François Devaux, 40 ans, se souvient particulièrement d’une levée des couleurs avec son groupe scout Saint-Luc à Sainte-Foy-lès-Lyon (Rhône) il y a trois décennies. « Il y avait une 2 CV sur le parking qui dérangeait Preynat. Dans une démonstration de force, il a alors sifflé les chefs de la troupe qui, à dix, ont illico déplacé la voiture vingt-mètres plus loin. Il prenait tout l’espace quand il parlait et tout le monde se taisait. Nous, avec nos rangers, on avait l’impression d’appartenir à un régiment de paras ! », se remémore ce rénovateur d’intérieur.
Cet aumônier « à l’aura très forte », doté d’un « esprit militaire et patriarcal », qui « voulait faire des petits garçons de vrais hommes », ce fut aussi son prédateur en col romain qui, au printemps 1990, a souillé son innocence. Trente ans après avoir été une proie de ses pulsions pédophiles, quatre ans après avoir été confronté à lui durant la garde à vue, l’ancien louveteau devrait retrouver l’ancien prêtre ce lundi matin au tribunal correctionnel de Lyon. Le conditionnel s’impose car ce procès médiatique, programmé de longue date, et prévu pour durer jusqu’à vendredi, pourrait être perturbé par la grève des robes noire s du barreau de Lyon opposées à la réforme des retraites et donc être reporté à mardi… ou plus tard.

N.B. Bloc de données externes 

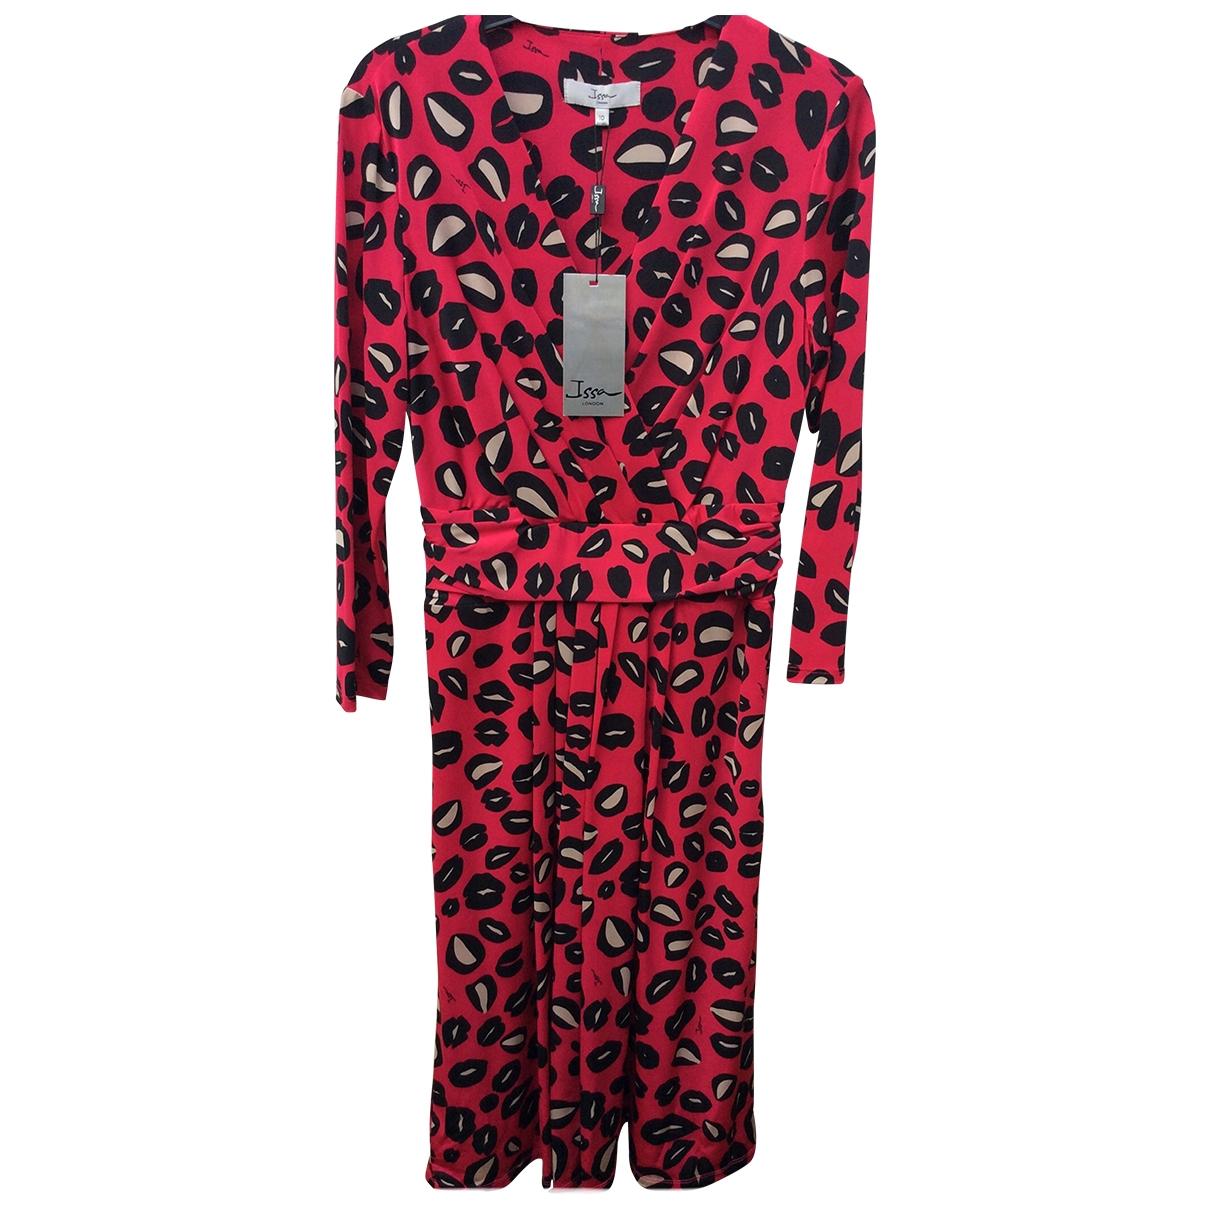 Issa \N Pink dress for Women 10 UK

Bernard Preynat, ici en 2012 ou 2013. ABACA/Andbz
Sur le banc des parties civiles, François Devaux fait partie des dix victimes « non prescrites », toutes masculines, de Bernard Preynat entre 1986 et 1990. Devenu le symbole d’un clergé déviant et de l’omerta des sommets de l’Église, déclencheur également de « l’affaire Barbarin », le prévenu de 74 ans est jugé pour « atteintes sexuelles sur des mineurs de moins de 15 ans » commises par une personne ayant autorité. Un délit aggravé passible d’une peine d’emprisonnement de 10 ans et d’une amende de 150 000 euros.
Celui qui n’est plus « père » depuis qu’il a été renvoyé de l’état clérical suite à son procès canonique mais qui est toujours hébergé par le diocèse – « jusqu’au procès inclus », indique-t-on à l’archevêché – affronte désormais la justice républicaine. « Il sera présent, il est en état de comparaître », assure son avocat Frédéric Doyez. Des victimes à qui l’abbé demandait de « garder le secret » il y a un demi-siècle, il y en aura également dans le public de la 17e chambre mais elles ne s’exprimeront pas à la barre étant, elles, visées par la prescription. Elles sont ainsi plusieurs dizaines à avoir été identifiées lors de l’instruction. L’association La Parole libérée, qui les fédère, a recensé de son côté quelque 80 témoignages. Les ex-scouts y rapportent des fellations, des attouchements, des baisers… sous la tente lors des camps d’été ou au labo photo de la paroisse. Ils relatent également l’haleine de cigarillo, le souffle chaud ou la bedaine de leur cauchemar vivant.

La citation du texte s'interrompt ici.